Thankfully most universities nowadays employ professional counsellors who can support students in difficulty. And while I cannot imagine that there were no students with such needs 40 years ago, it seems clear to me that the stresses and pressures that might create these needs are much stronger nowadays. Recently for example it was reported that 1,300 students of the University of Glasgow saw a counsellor in the last academic year: that is about 7 per cent of the entire student body. Students enter university with huge pressures: financial, personal, professional, academic. Not only are these pressures common, they tend to affect those most who have nobody to talk to to relieve them. The variety of problems counsellors may encounter and the complex needs of those seeking help are shown in this account of the work of a counsellor at a Canadian university.
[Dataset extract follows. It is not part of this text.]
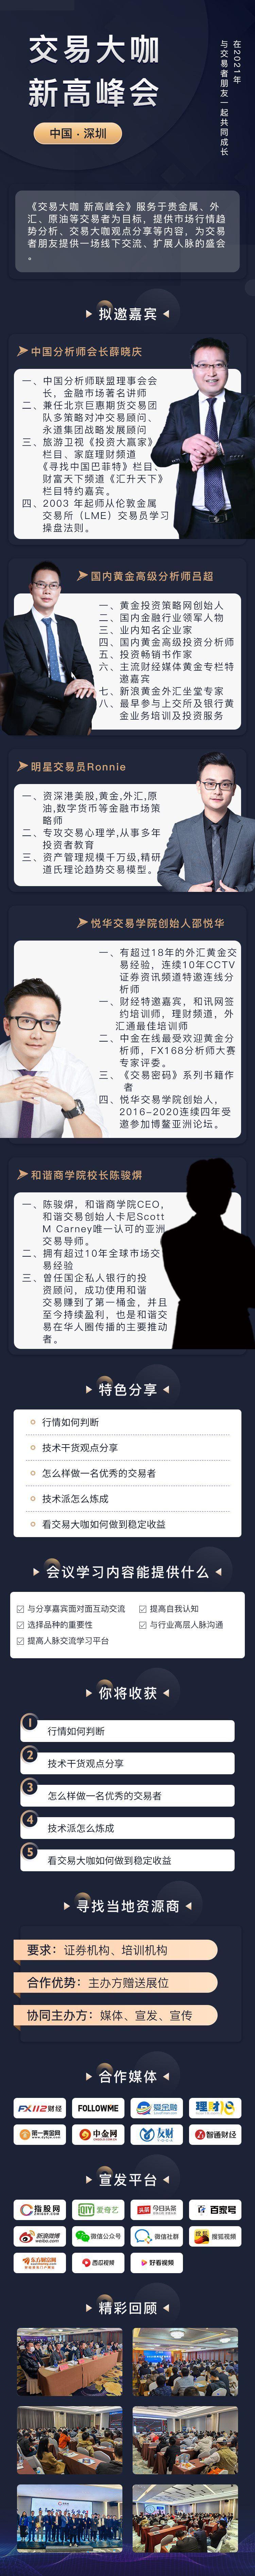 交易大咖深圳站.png

Mental health and wellbeing are vital in higher education institutions. So universities need to provide and value the work of professional counsellors, sometimes also of chaplaincies or indeed student initiatives (such as the ‘Please Talk‘ programme in Ireland). Whatever form these services take, they should be strongly supported by universities everywhere. The key principle should be that, whatever your problem, you must know that you need never be alone. Never.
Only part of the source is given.